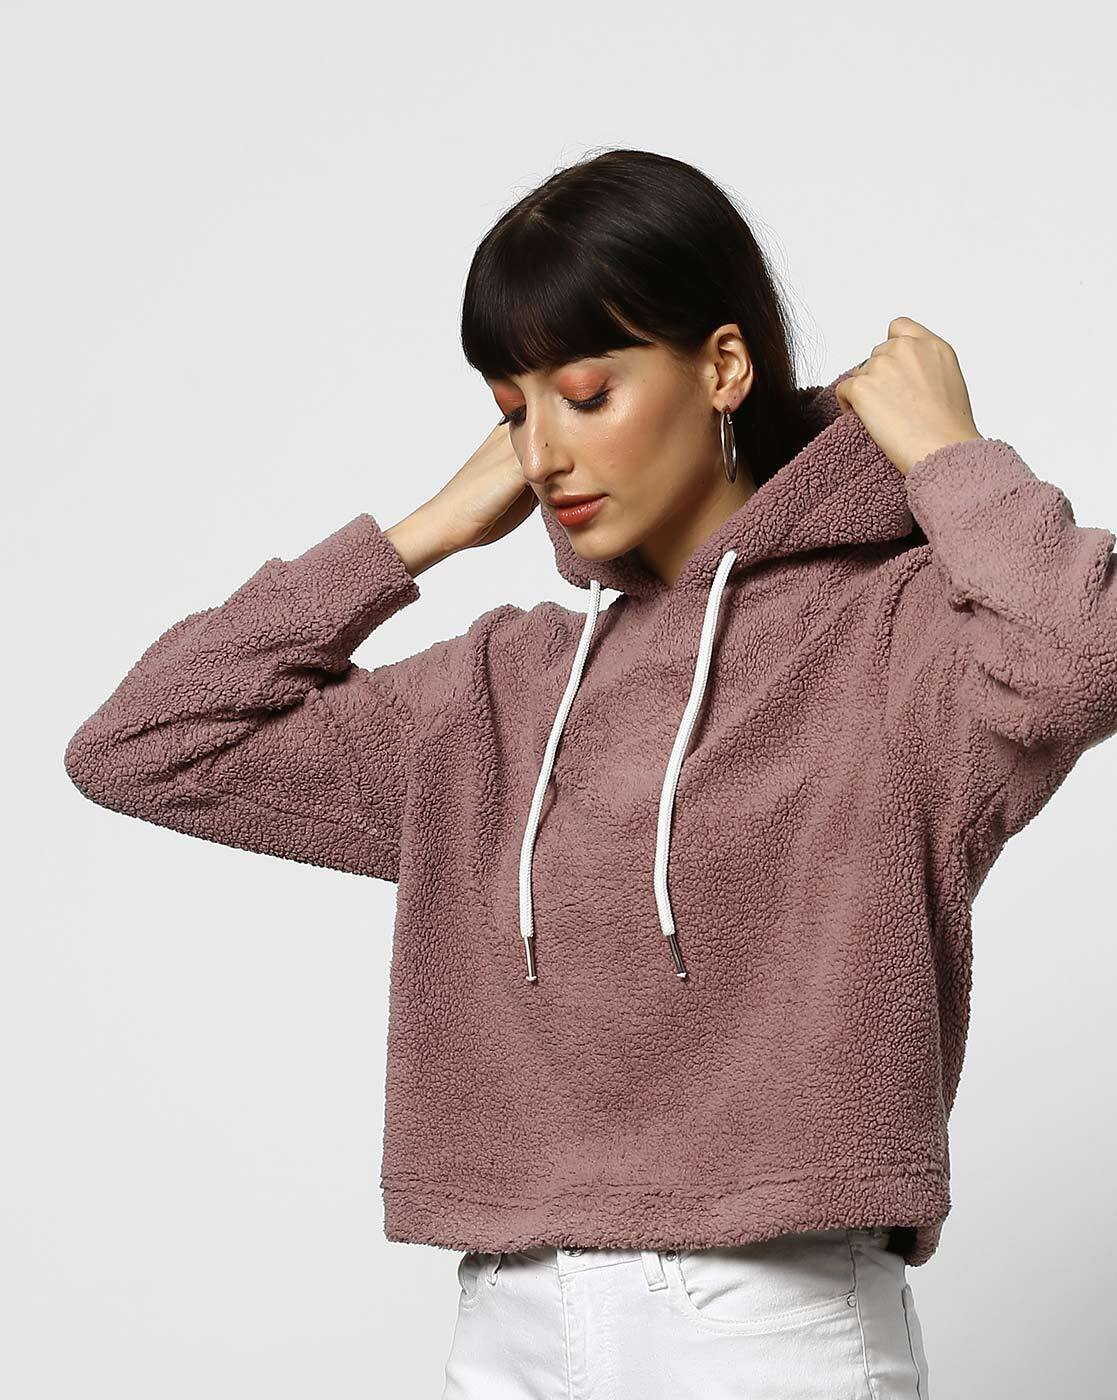 Hoodies for Women - Buy Sweatshirts for Women Online in India
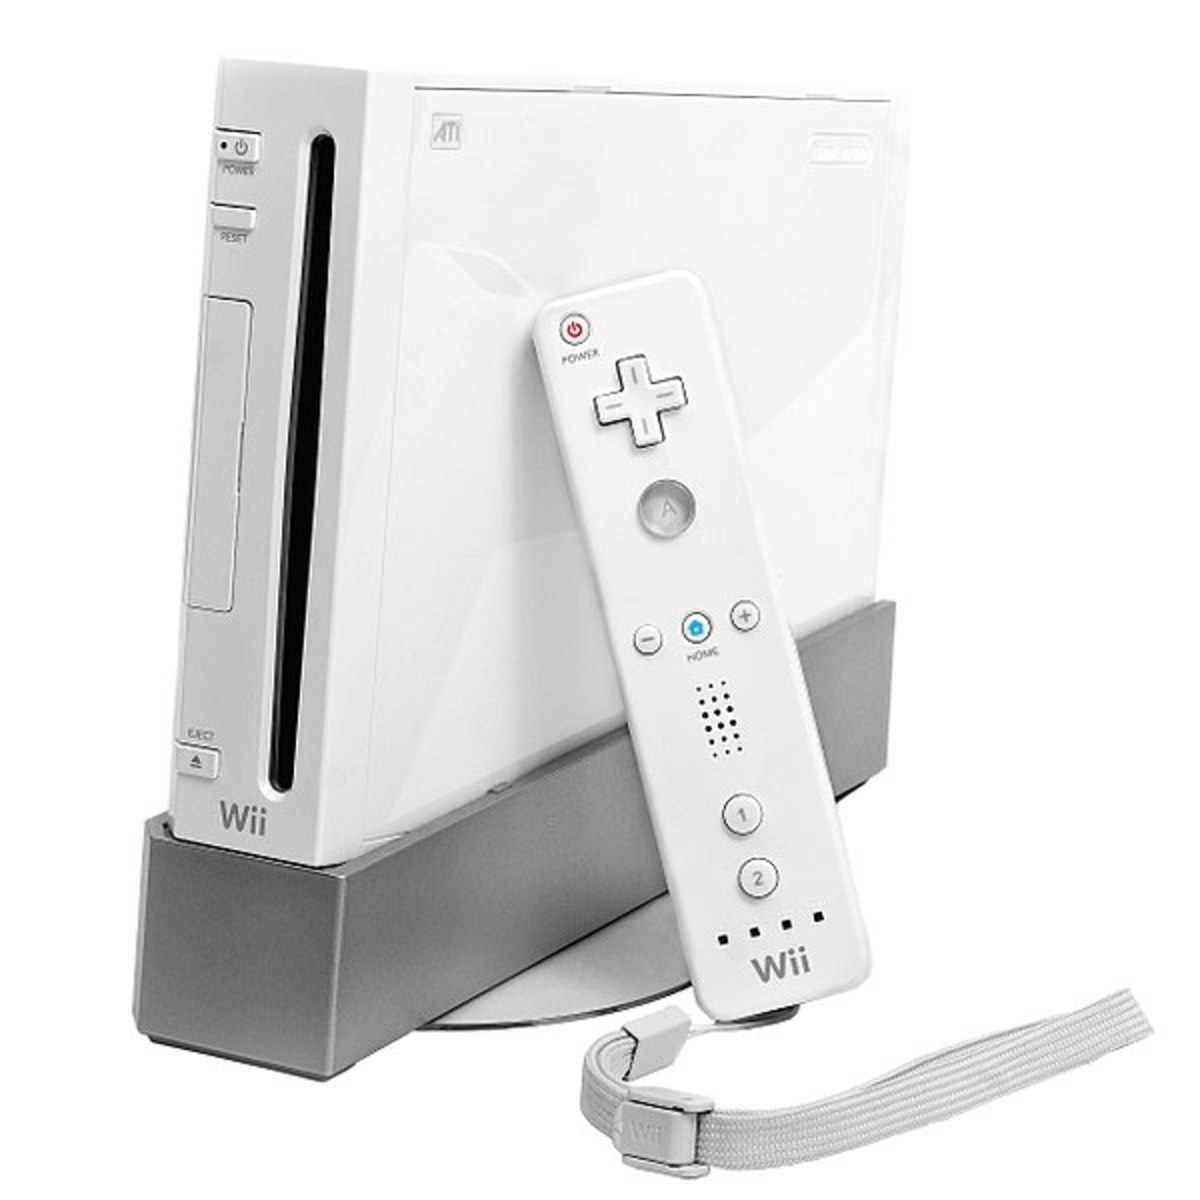 How I Came to Appreciate the Nintendo Wii
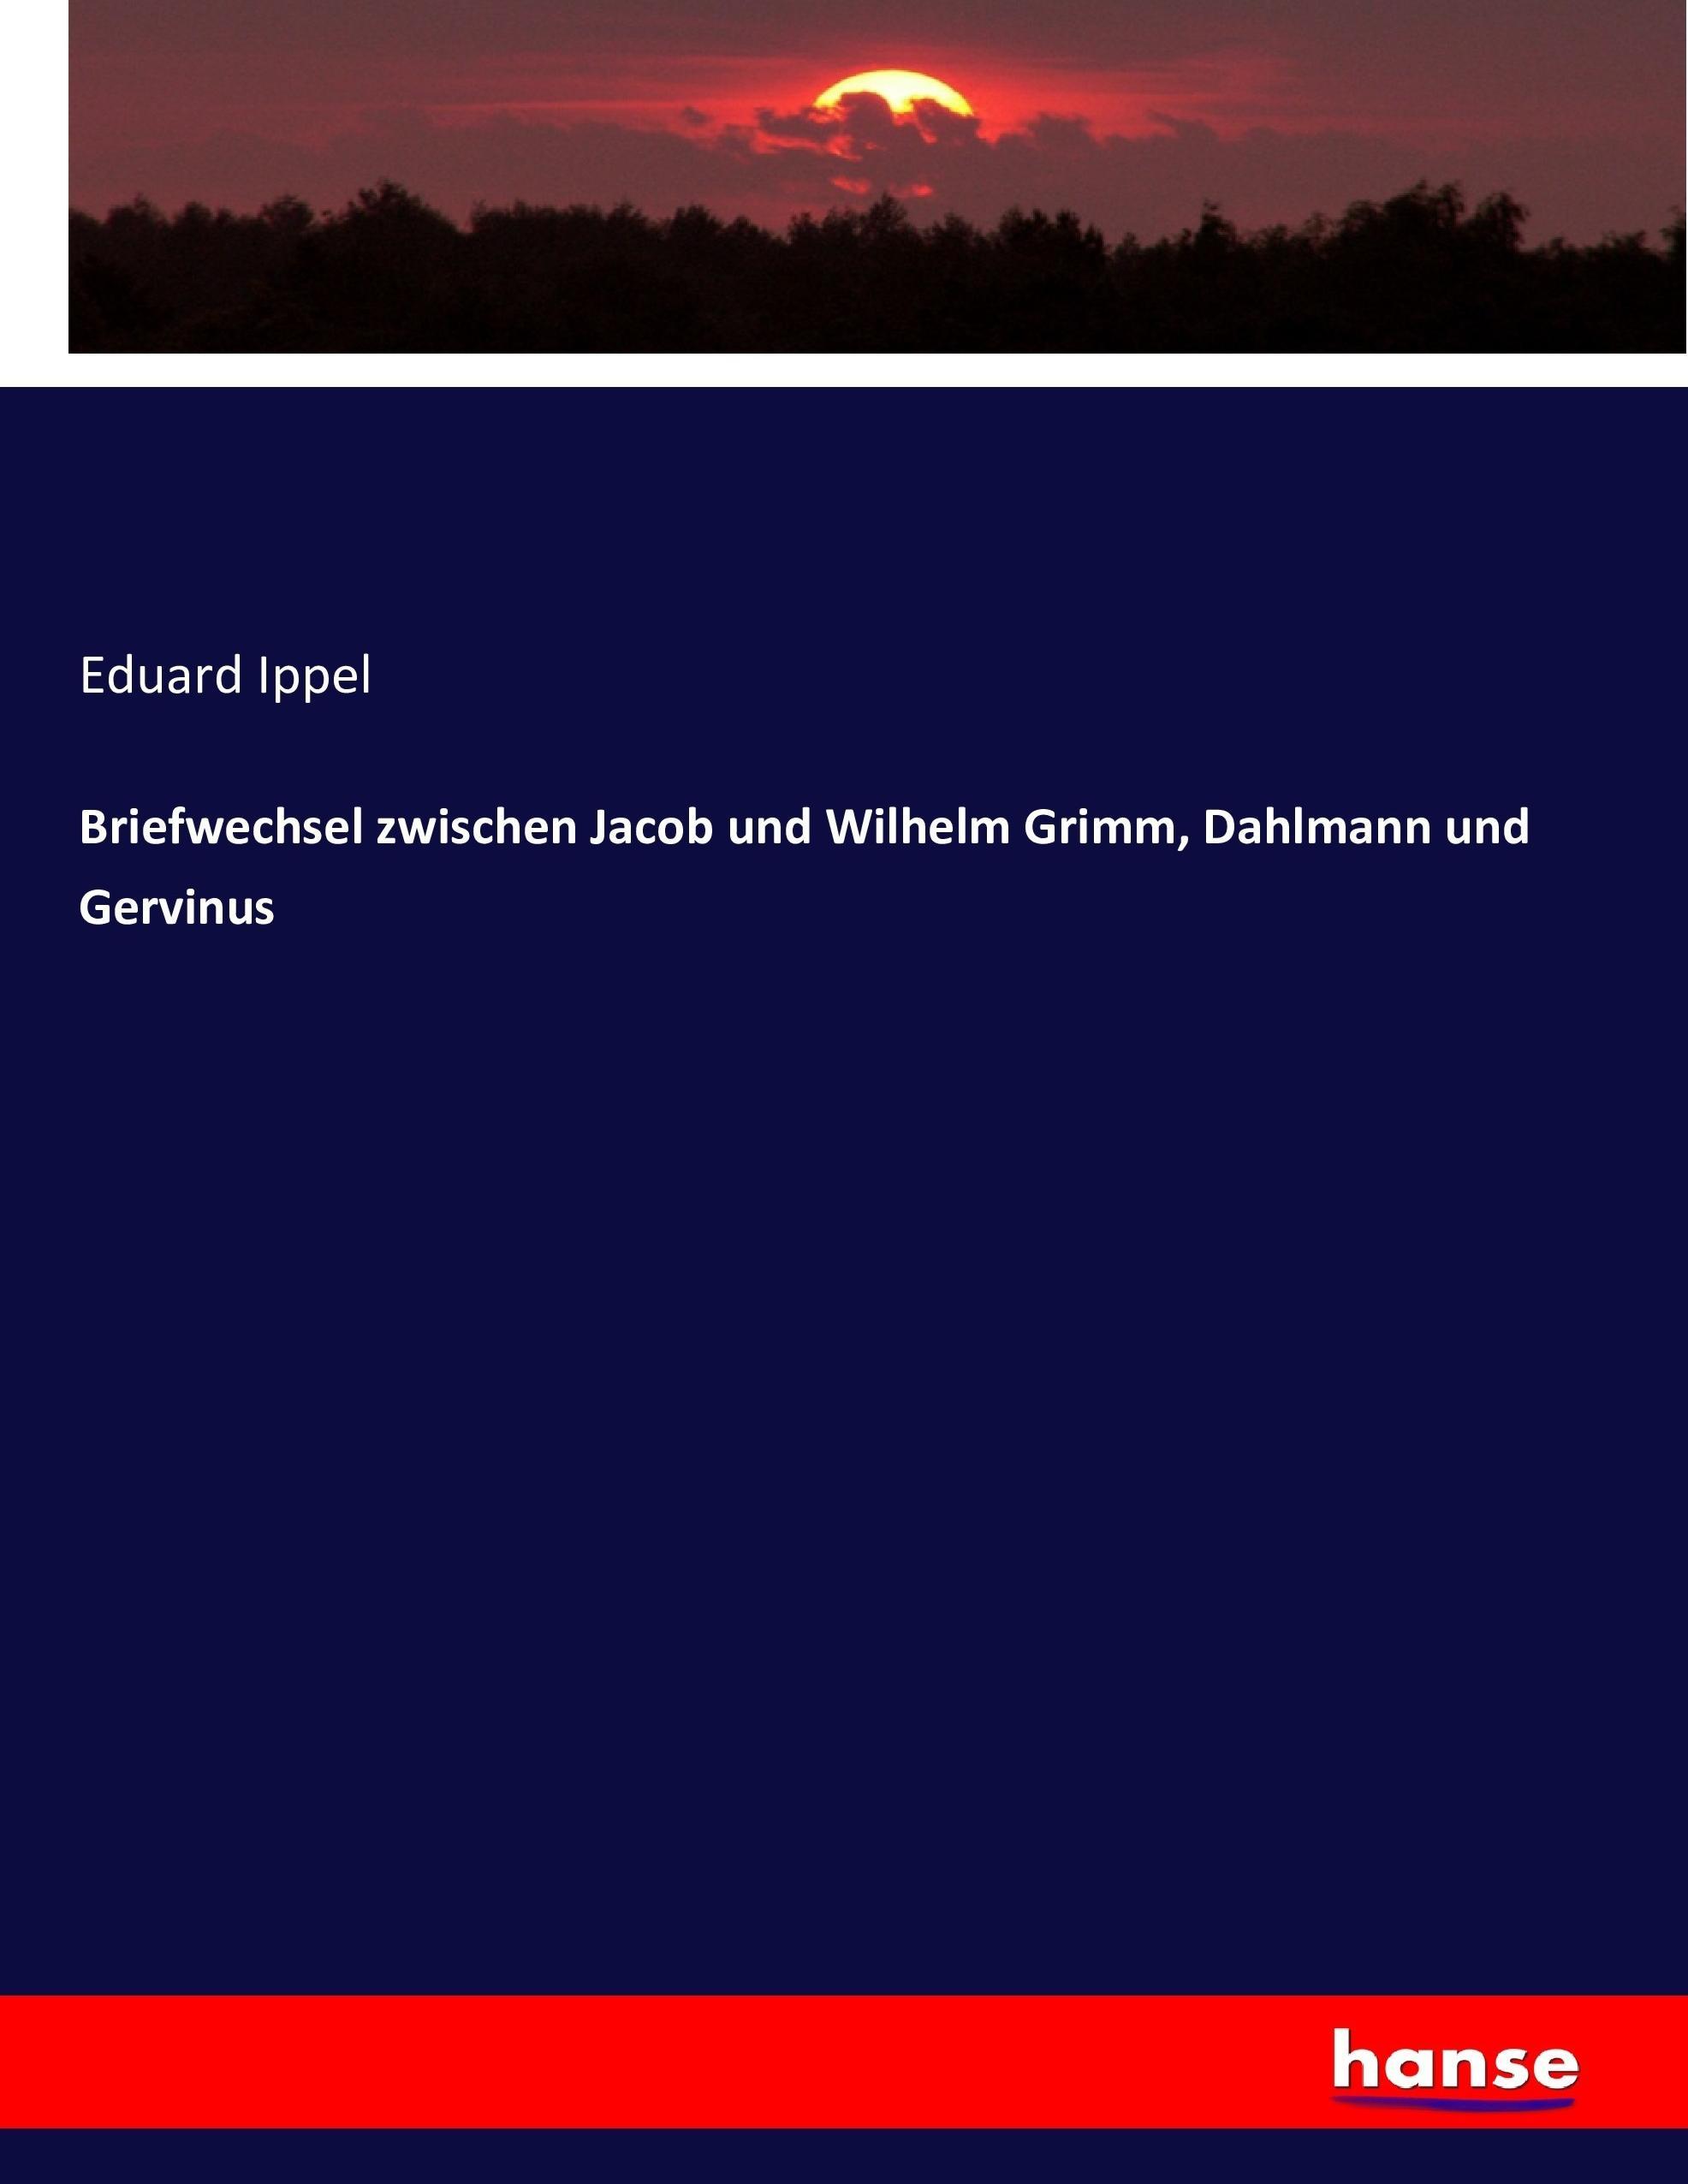 Briefwechsel zwischen Jacob und Wilhelm Grimm, Dahlmann und Gervinus - Ippel, Eduard
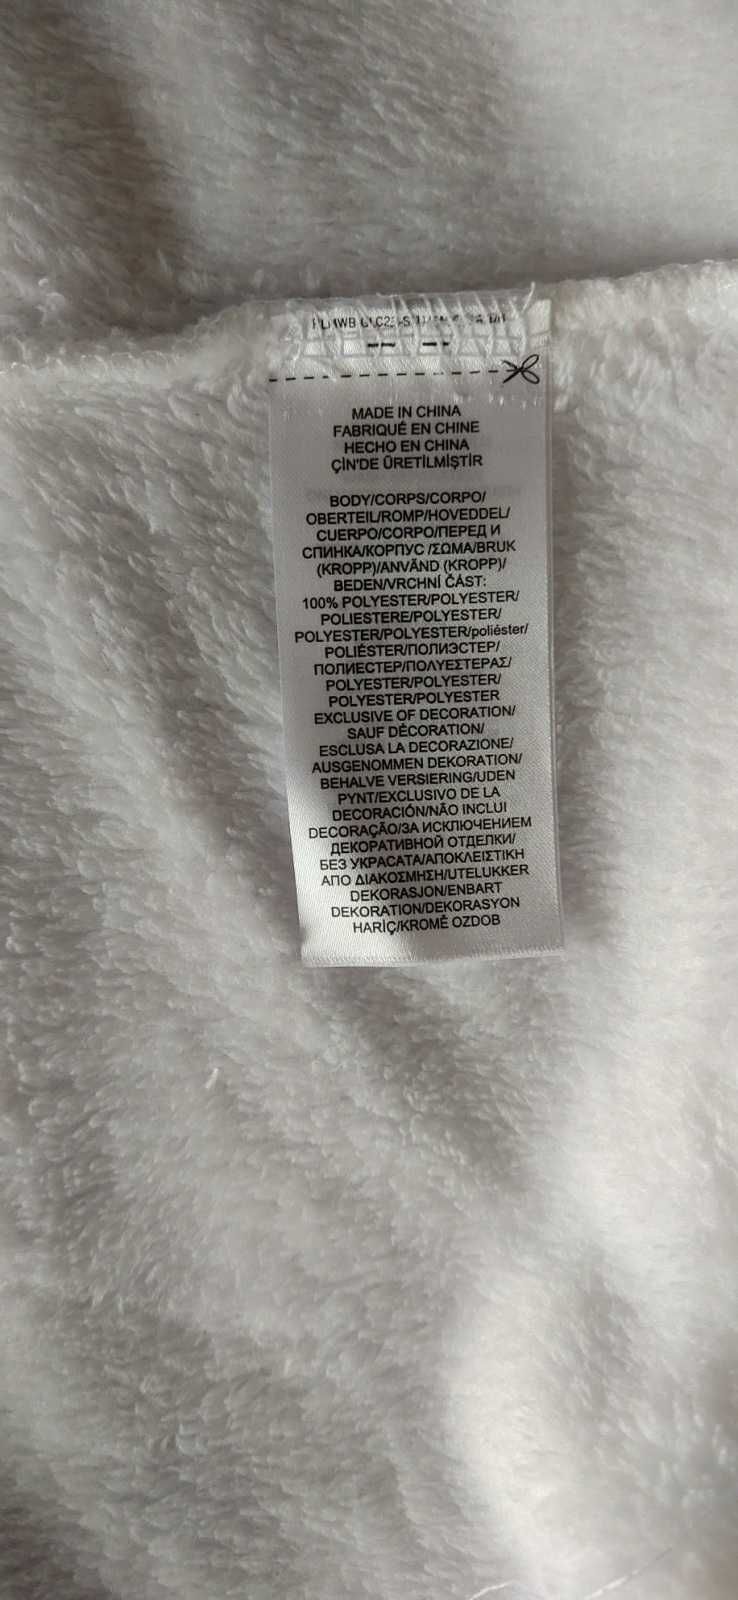 Новый Ralph Lauren Polo женский халат $89.50 белый size L 100%оригинал

○ ○ ○ ○

[WORK TO COMPLETE] Set down the material above word for word and skip its pictures.

[TASK ANSWER]
 Hoodies for Women - Buy Sweatshirts for Women Online in India
 How I Came to Appreciate the Nintendo Wii
 Briefwechsel zwischen Jacob und Wilhelm Grimm, Dahlmann und Gervinus - Ippel, Eduard
 Новый Ralph Lauren Polo женский халат $89.50 белый size L 100%оригинал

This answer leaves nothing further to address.